The effects of three pyridine derivative additives, 4-hydroxypyridine, 4-picolinic acid, and 4-cyanopyridine, on Al-Mn coatings were investigated in 1-ethyl-3-methylimidazolium chloride-AlCl3-MnCl2 ...(EMIC-AlCl3-MnCl2) ionic liquids. The smooth mirror-like bright Al-Mn coatings were obtained only in the EMIC-AlCl3-MnCl2 ionic liquids containing 4-cyanopyridine, while the matte Al-Mn coatings were electrodeposited from EMIC-AlCl3-MnCl2 without additives or containing either 4-hydroxypyridine or 4-picolinic acid. The scanning electron microscope and X-ray diffraction showed that the bright Al-Mn coatings consisted of nanocrystals and had a strong (200) preferential orientation, while the particle size of matte Al-Mn coatings were within the micron range.

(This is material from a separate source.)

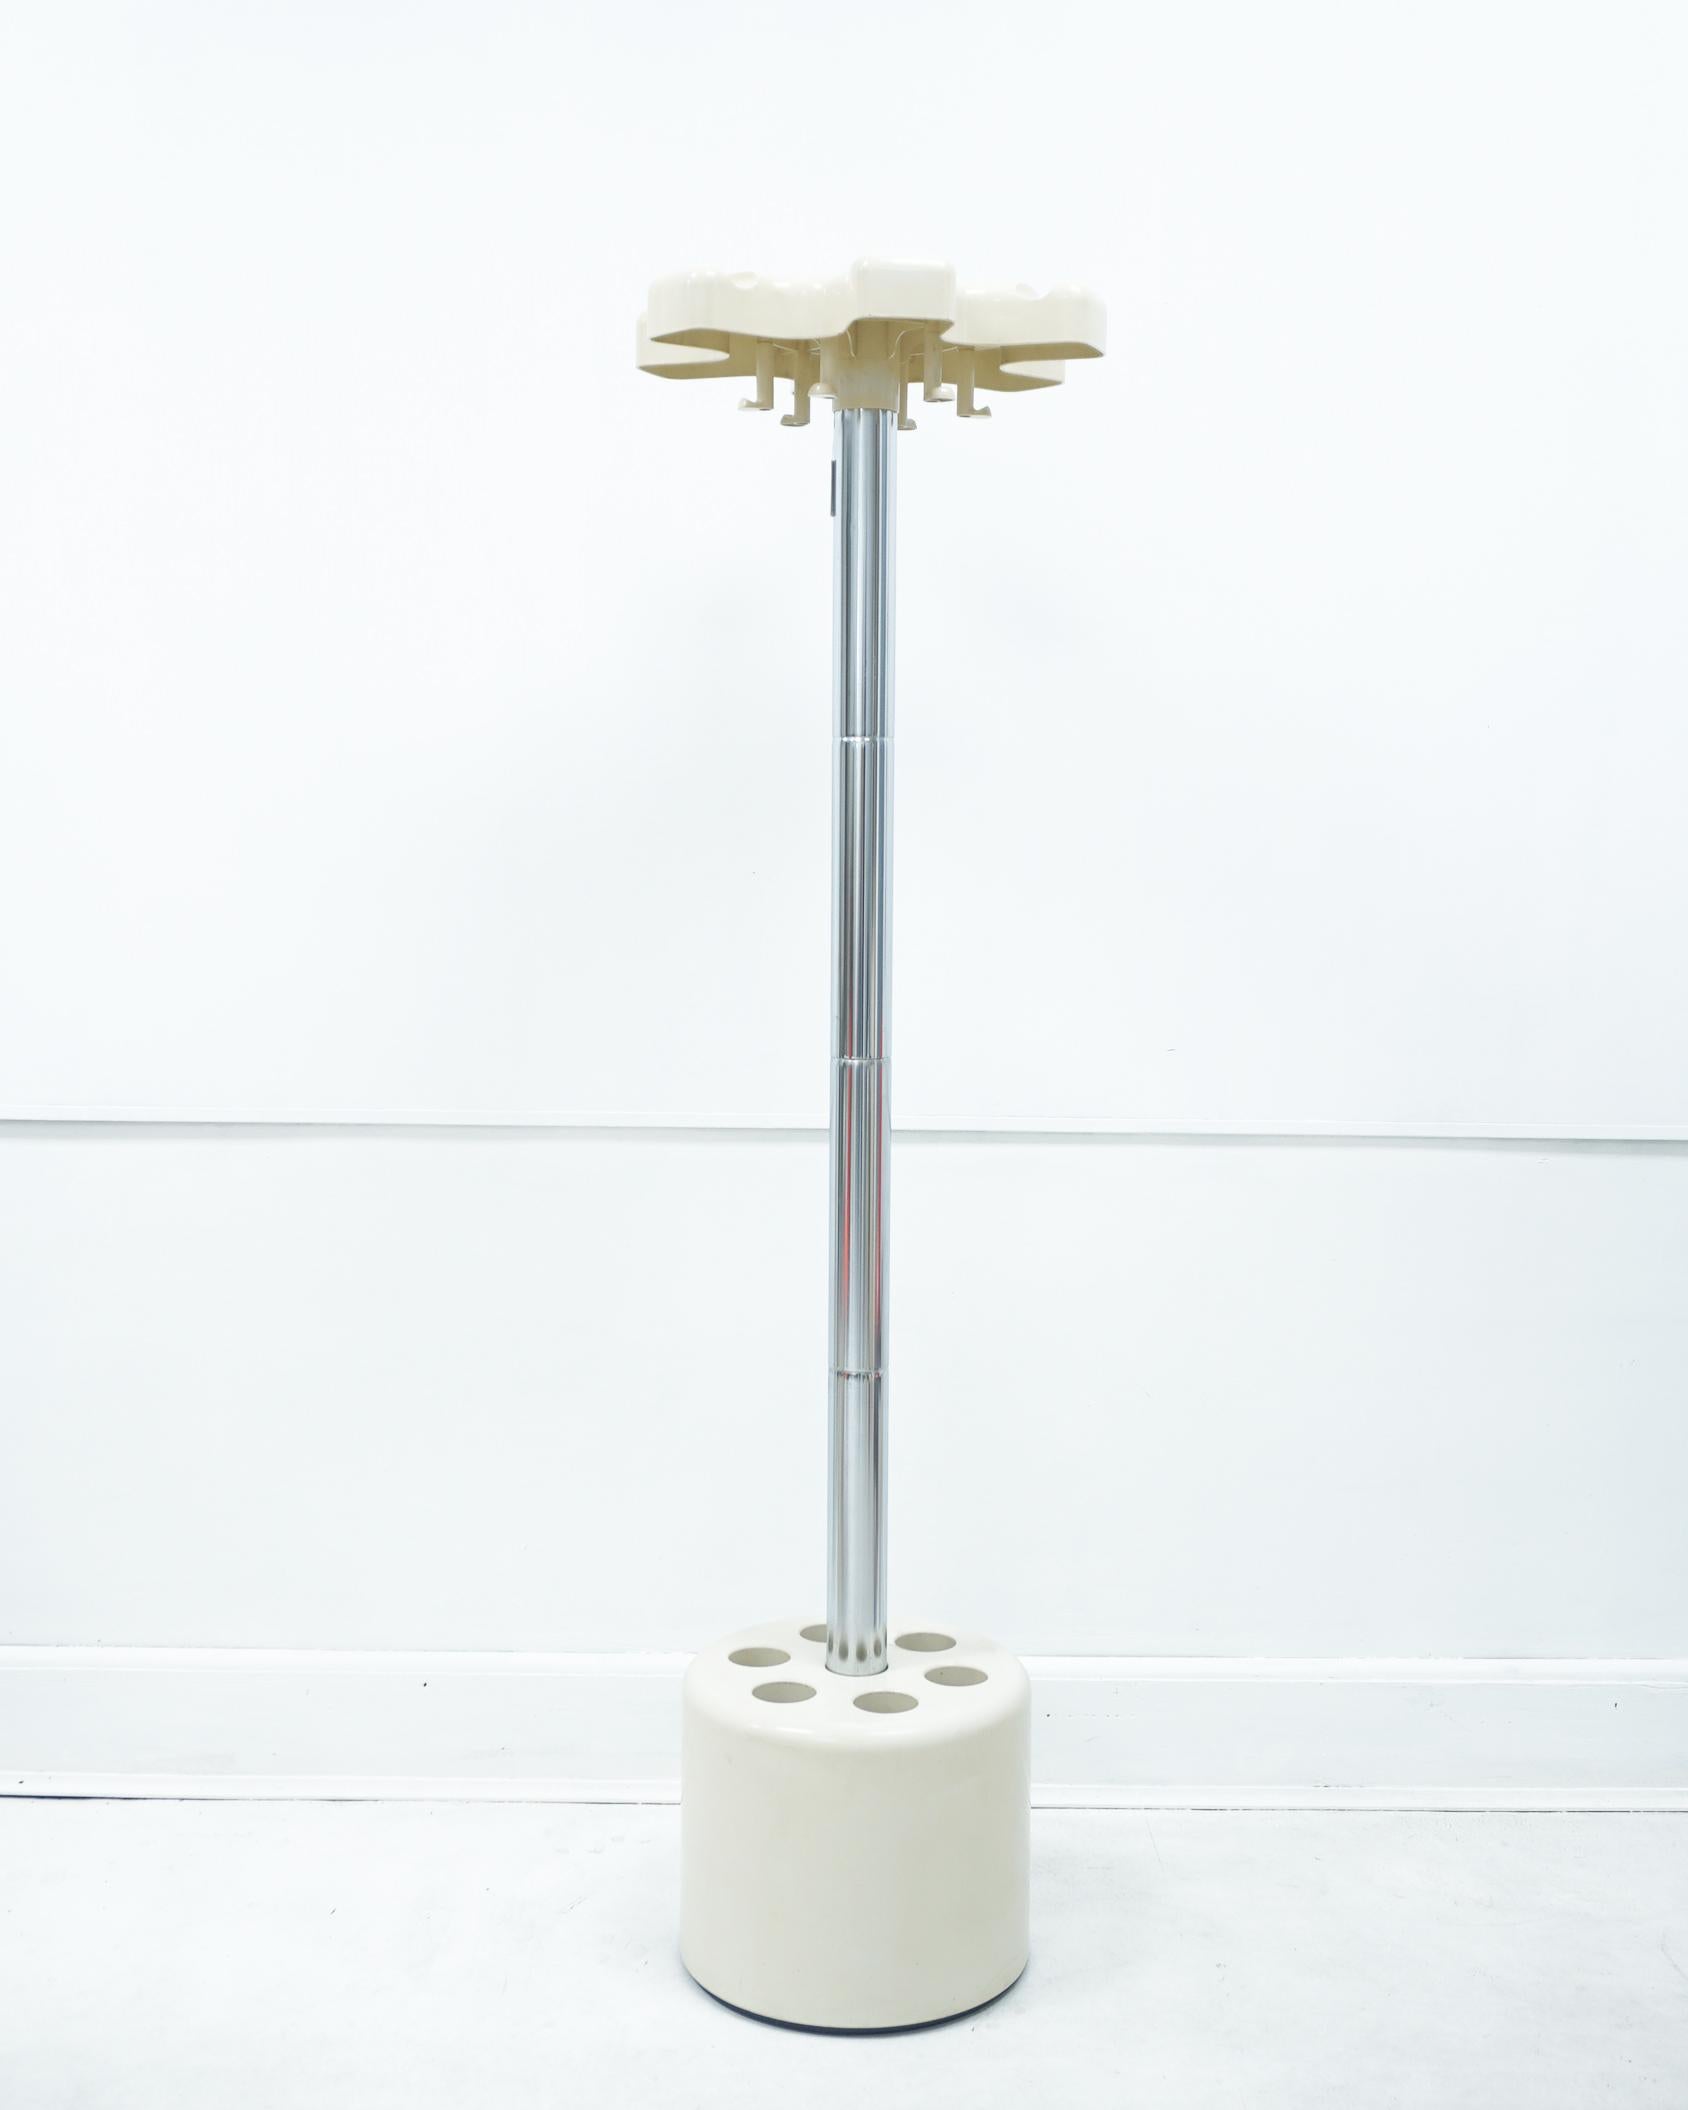 1960s Modular structure, the tube can be dismantled and adjusted in height. Cream ABS plastic and chrome. Six coat hooks. The bottom can be removed for cleaning. The base is heavy and serves as a 6-umbrella stand. Good condition with some signs of

The brightening mechanism of 4-cyanopyridine is due to it being adsorbed onto the cathode to produce the combined effect of (1) generating an overpotential to promote Al-Mn nucleation; (2) inhibiting the growth of the deposited nuclei and enabling them grow preferentially, making the coating composed of nanocrystals and with a smooth surface. The brightening effect of 4-cyanopyridine on the Al-Mn coatings was far better than that of the 4-hydroxypyridine and the 4-picolinic acid. In addition, the bright Al-Mn coating was prepared in a bath with 6 mmol·L−1 4-cyanopyridine and displayed superior corrosion resistance relative to the matte coatings, which could be attributed to its unique nanocrystalline structure that increased the number of grain boundaries and accelerated the formation of the protective layer of the corrosion products.